**Input:**
== == ==

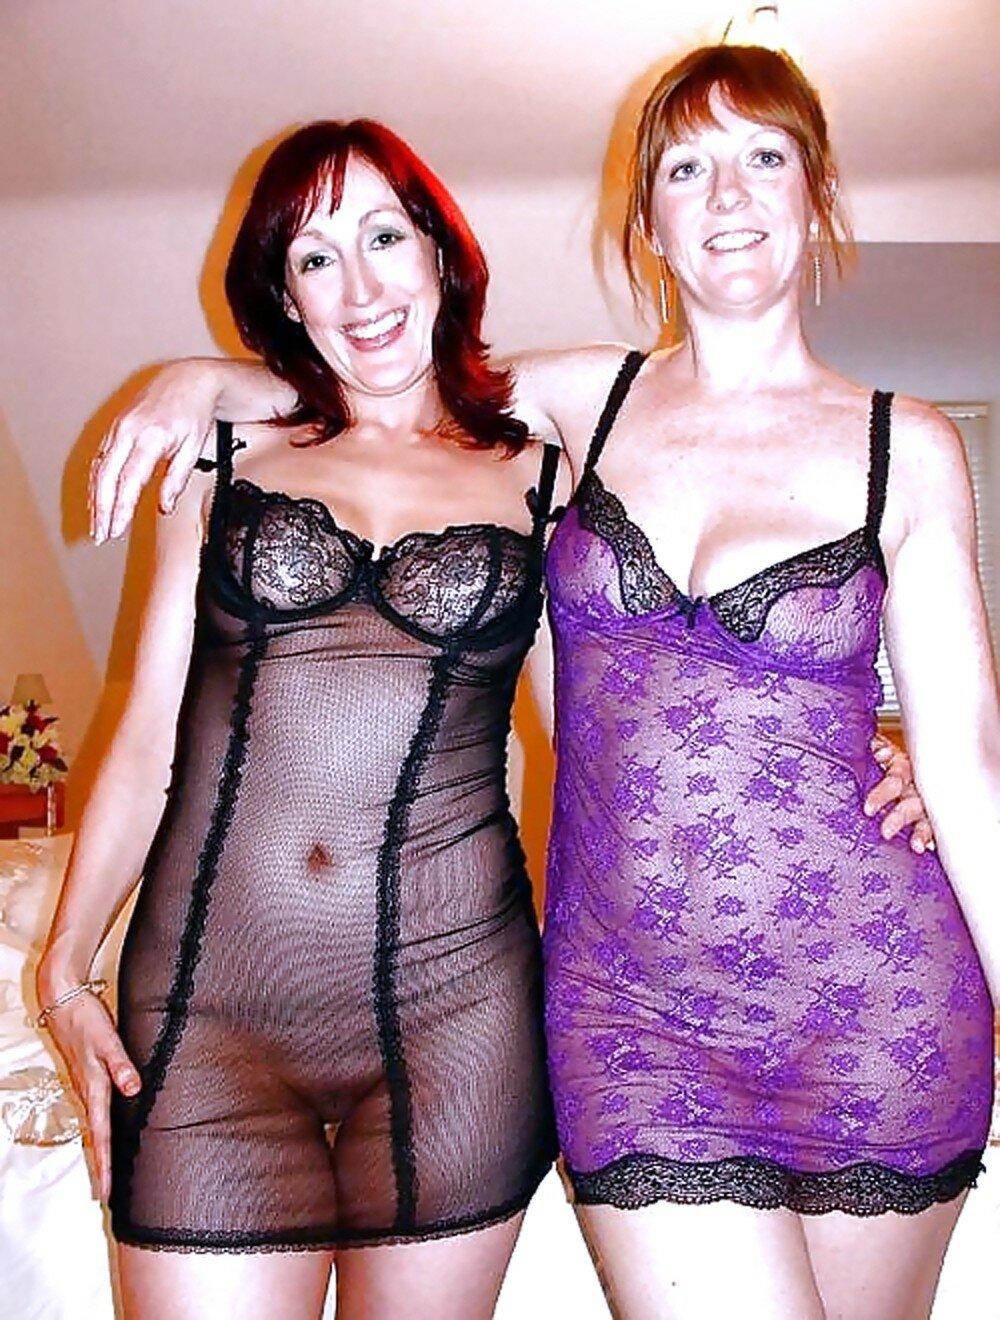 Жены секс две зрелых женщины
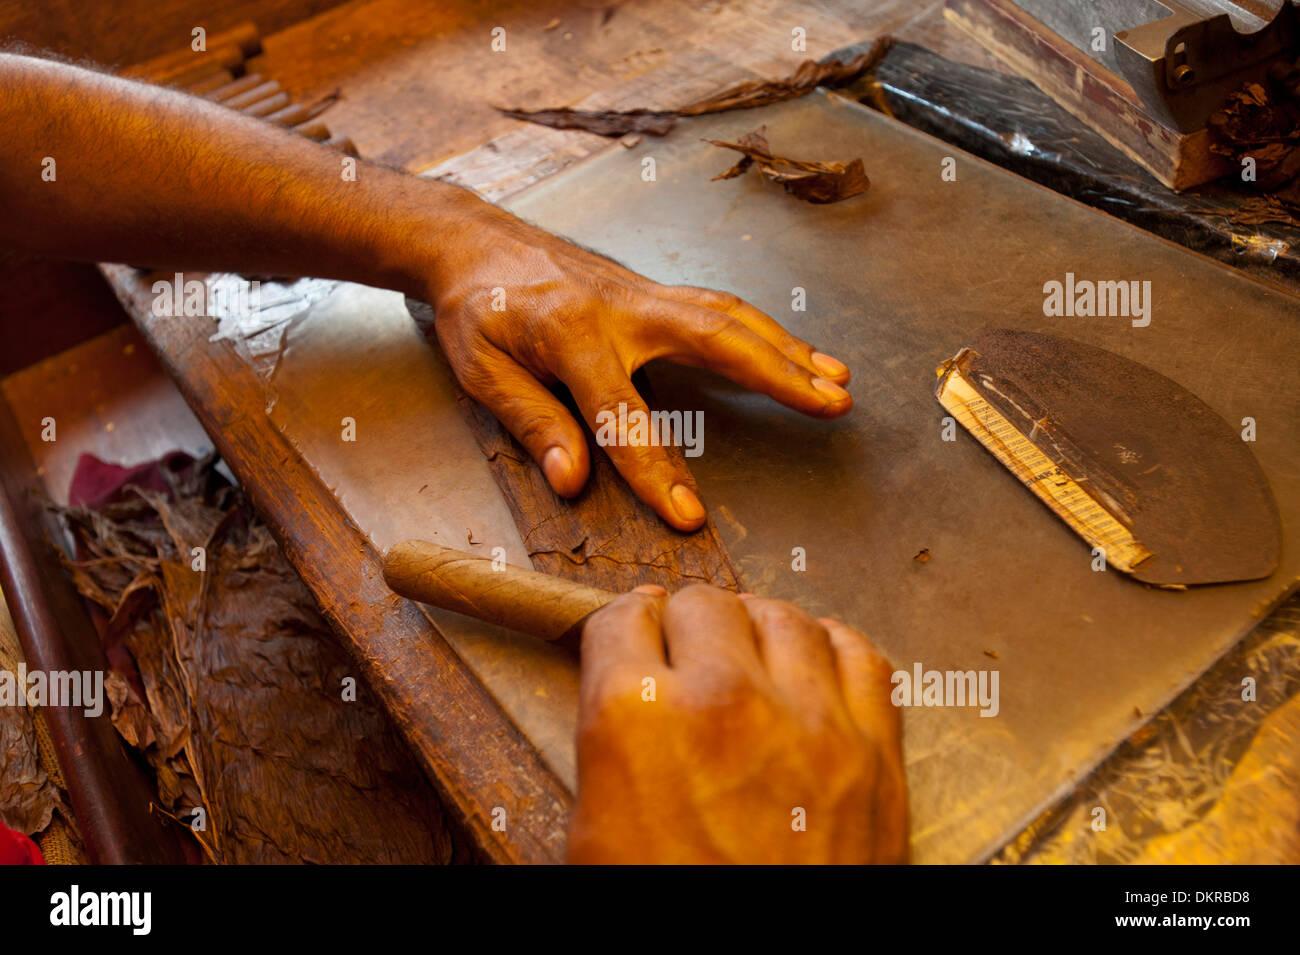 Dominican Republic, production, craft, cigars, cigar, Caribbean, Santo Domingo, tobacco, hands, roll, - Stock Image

== == ==

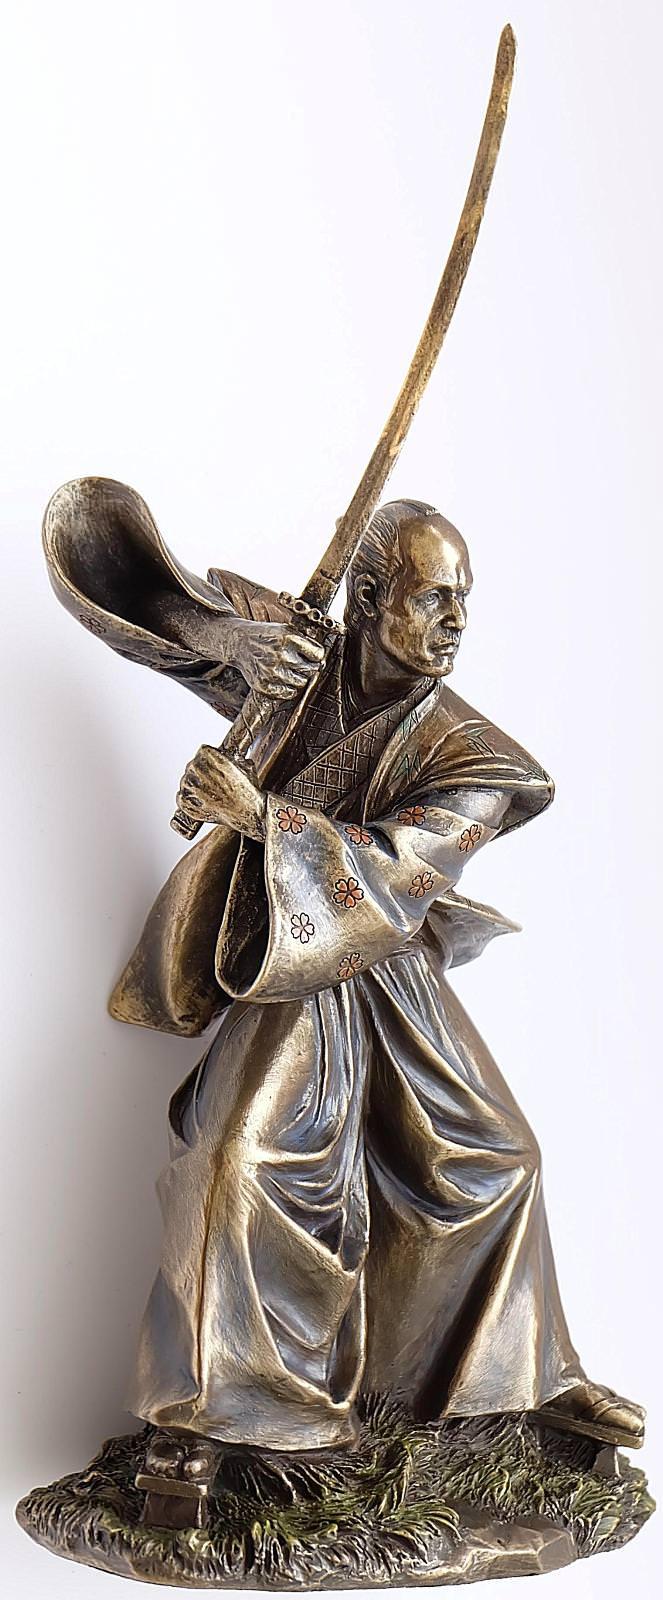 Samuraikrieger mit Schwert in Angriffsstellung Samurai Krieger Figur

== == ==

**Activity:** Although the records above contain pictures, the copy must not; set down exactly the lines from the one with "Жены секс две зрелых женщины" up to and including the one with "- Stock Image".

**Result:**
 Жены секс две зрелых женщины
 Dominican Republic, production, craft, cigars, cigar, Caribbean, Santo Domingo, tobacco, hands, roll, - Stock Image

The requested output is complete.